### [Directions for this task]
In the records that follow, find the line containing "Size and specs" and the line containing "Method for manufacturing", then transcribe both and every line between them exactly, omitting pictures.

### [Data section]
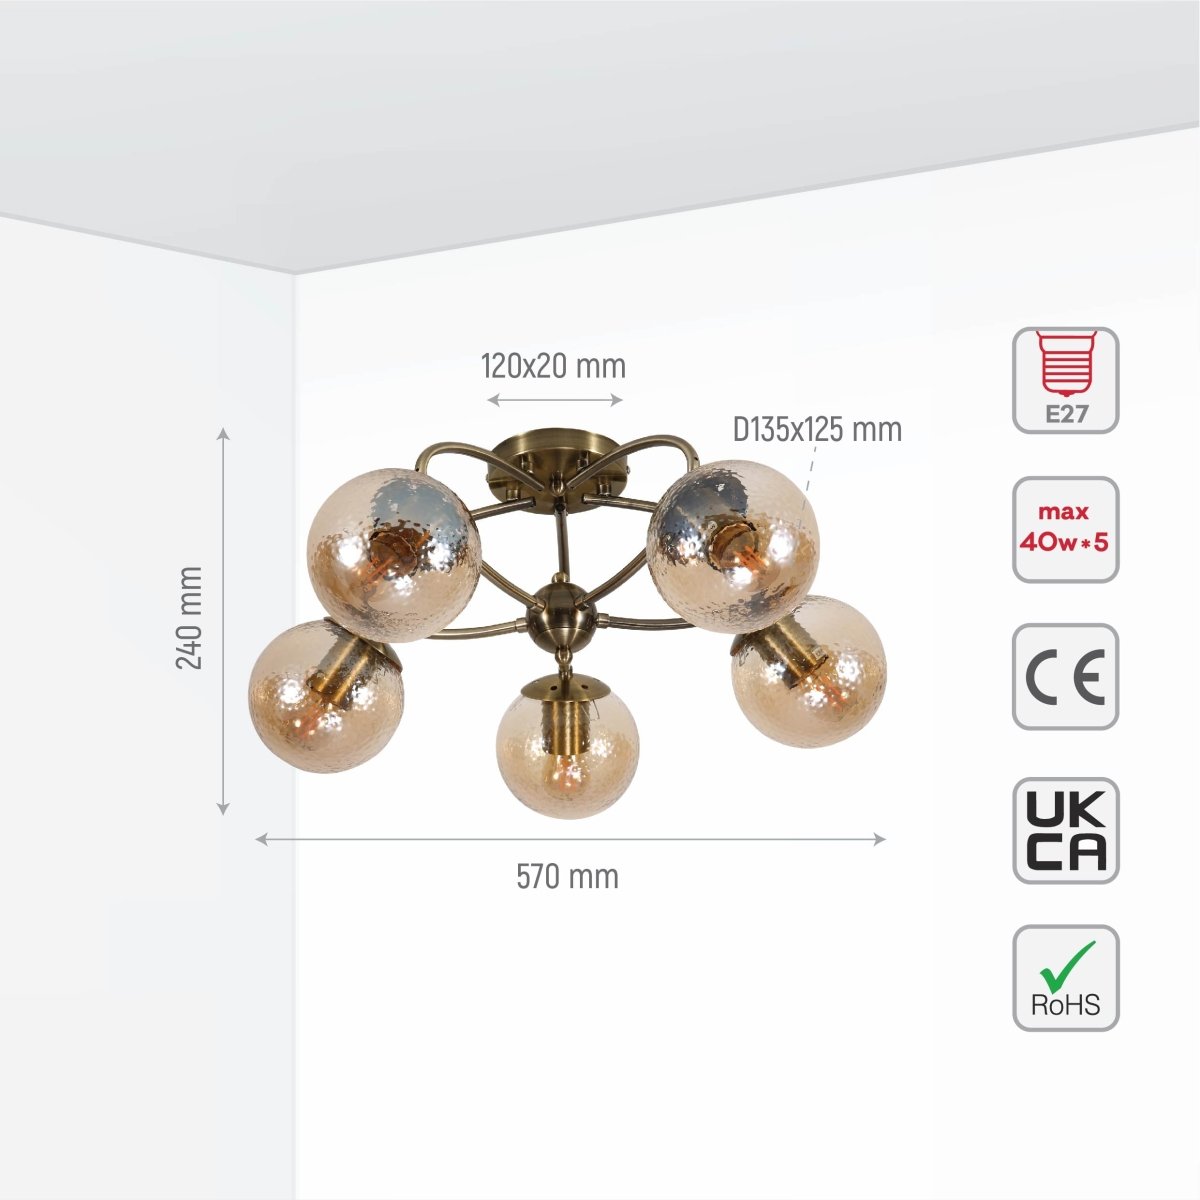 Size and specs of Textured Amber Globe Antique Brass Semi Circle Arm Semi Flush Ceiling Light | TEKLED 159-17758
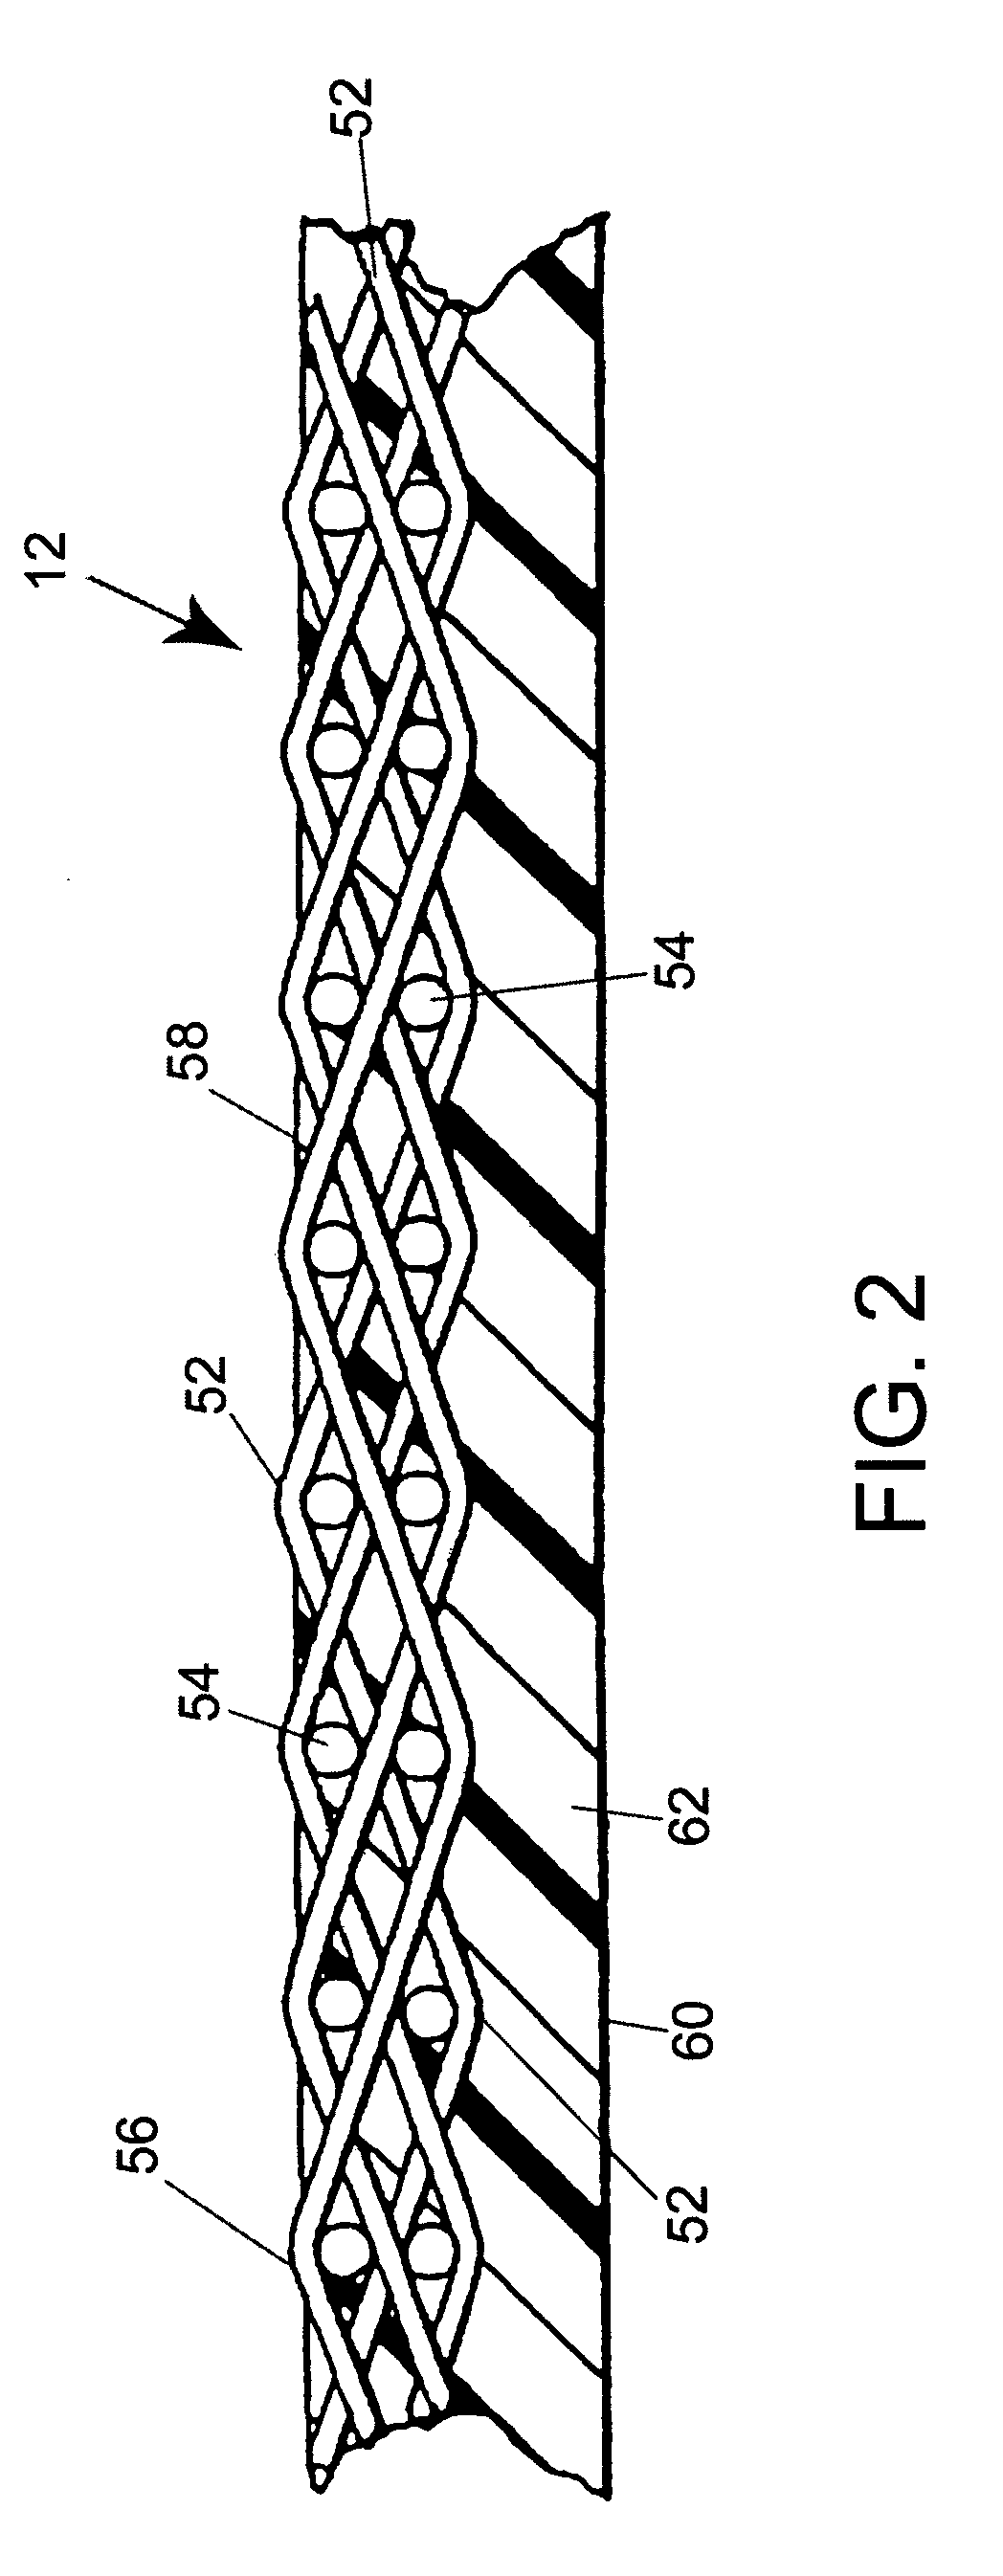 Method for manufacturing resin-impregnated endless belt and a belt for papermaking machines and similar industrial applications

---

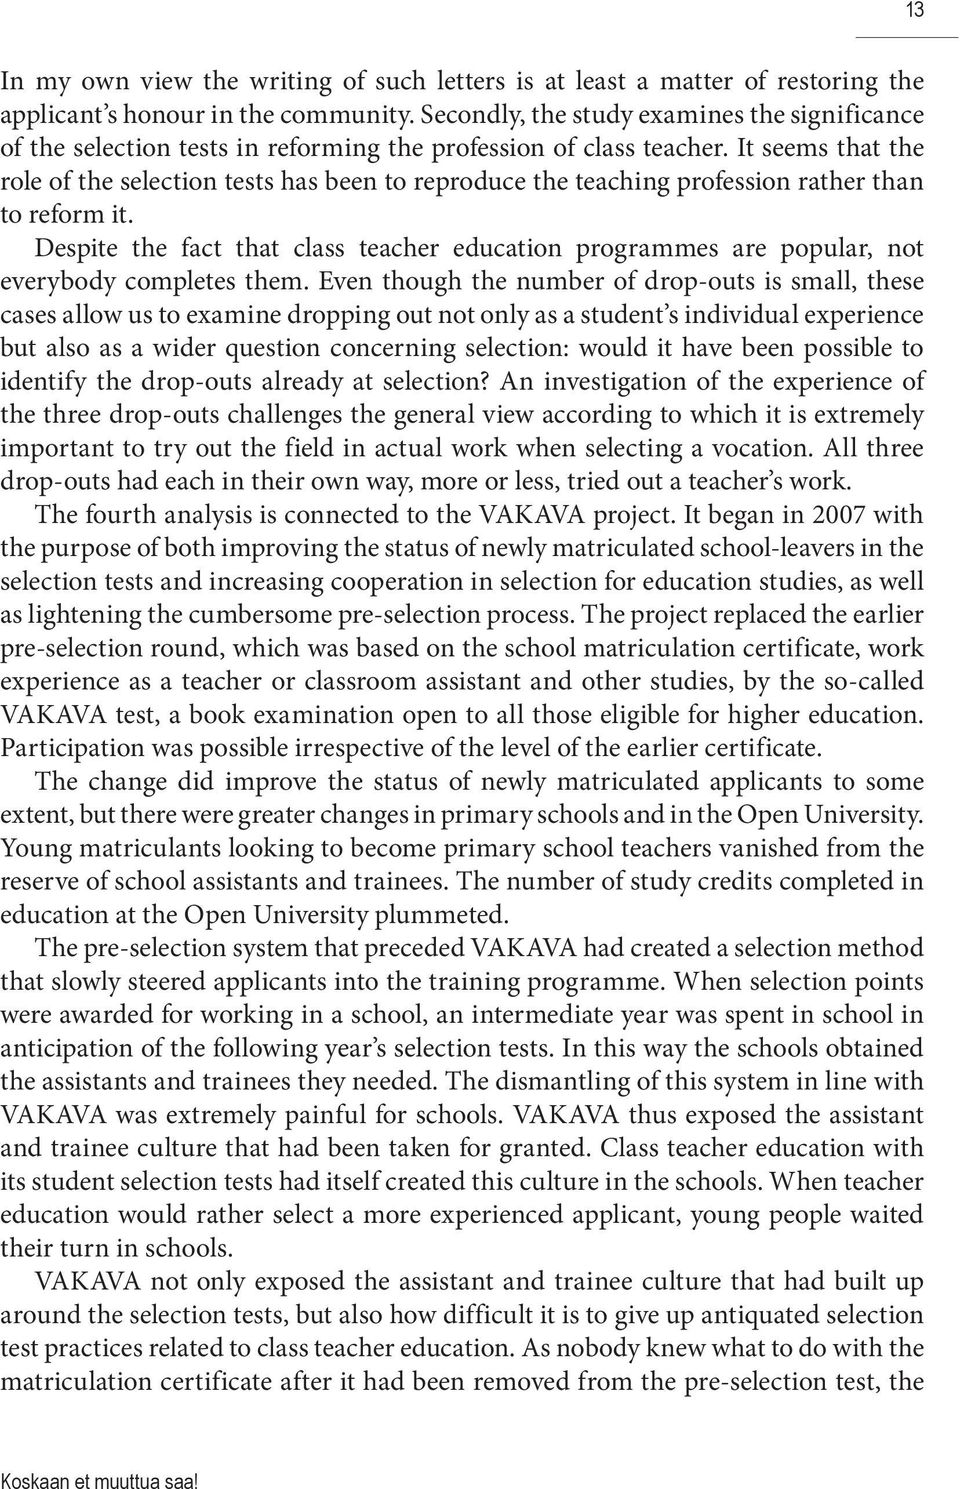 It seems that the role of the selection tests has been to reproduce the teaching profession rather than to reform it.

### [Result of the task]
 Size and specs of Textured Amber Globe Antique Brass Semi Circle Arm Semi Flush Ceiling Light | TEKLED 159-17758
 Method for manufacturing resin-impregnated endless belt and a belt for papermaking machines and similar industrial applications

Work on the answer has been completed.